5 years ago I was diagnosed with clinical depression and anxiety. It felt like I was drowning, like everything and everyone was against me...that I wasn't good enough to even live or breathe. I didn't have the strength. If it wasn't for Jesus, the only strength and hope I had left, I would not be here today. He was, is, and always will be my light.
A few weeks ago I was diagnosed with Dermatophagia. It is not a well known disorder, although many people suffer from it. At first I was ashamed, I felt that I had to hide and fear myself. Like I was a monster..

But I'm not. I'm not perfect, but that's ok. I may be on the road to recovery, and there are days that I feel like all hope is lost, but I am strong. I'm a fighter. Everyone is. There is a warrior inside everyone, no matter your gender, age, circumstances or mental or physical health.

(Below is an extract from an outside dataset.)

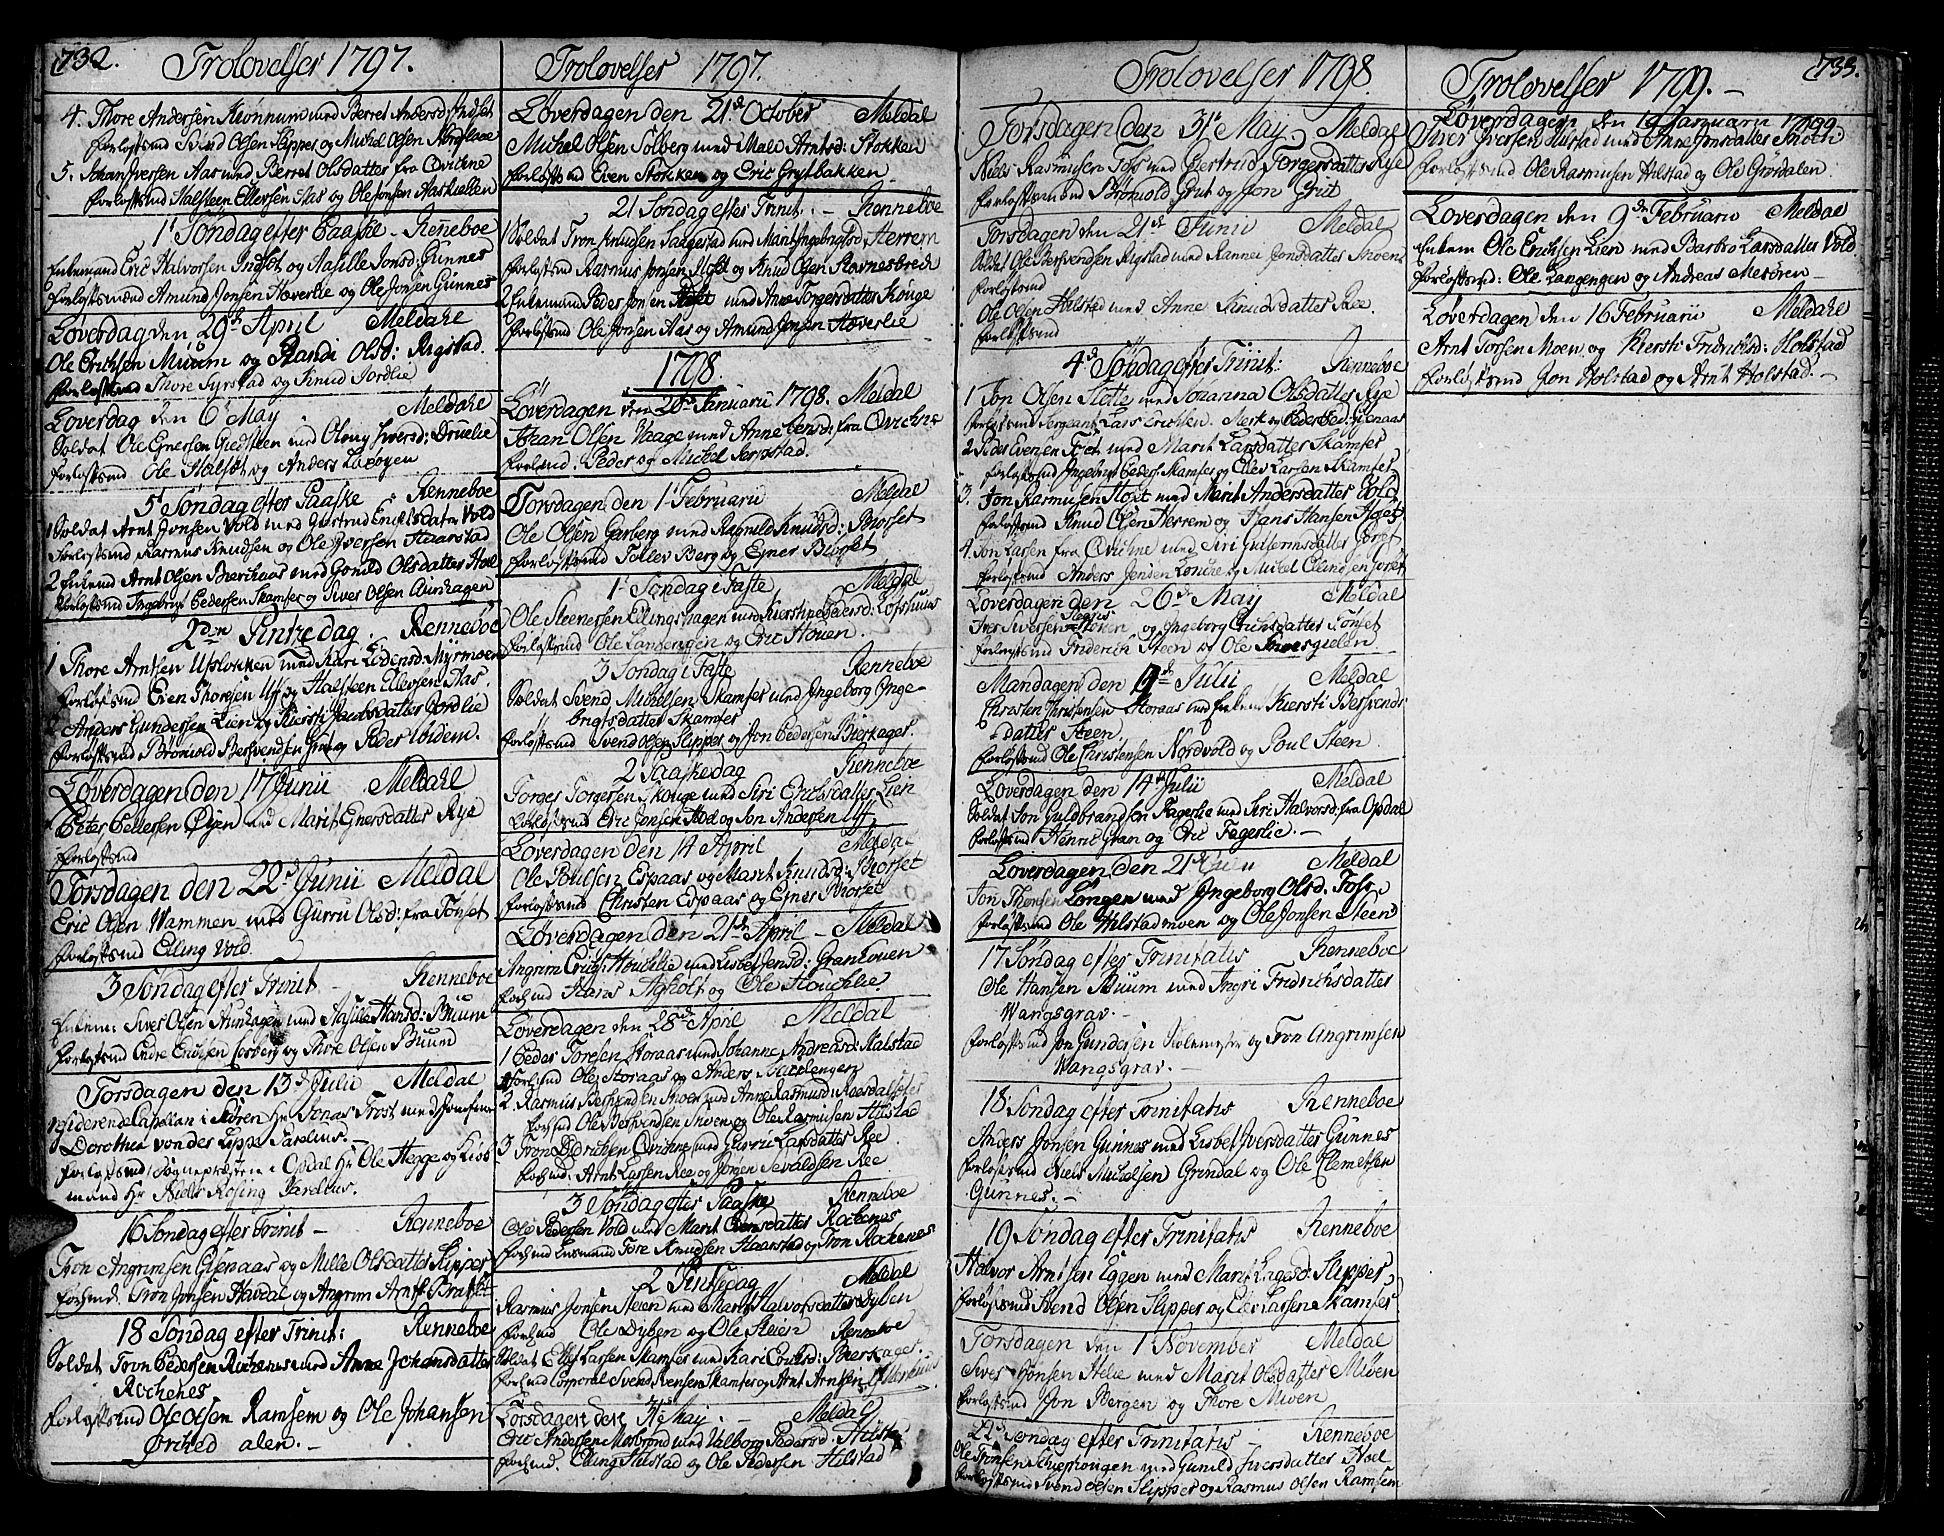 SAT, Ministerialprotokoller, klokkerbøker og fødselsregistre - Sør-Trøndelag, 672/L0852: Ministerialbok nr. 672A05, 1776-1815, s. 732-733

That is what I am writing about, fighters. I am not a psychologist, and I don't pretend to be one. I'm just someone who understands, who is fighting the fight, and who wants to help you win yours.
You are never alone. You are strong, beautiful, powerful and brave. Your scars are not signs of weakness, but rather proof of strength and survival.

Trust Jesus and put your faith in Him, even when it's difficult. He has never left you, and He never will! He is standing with open arms. He won't let you fall.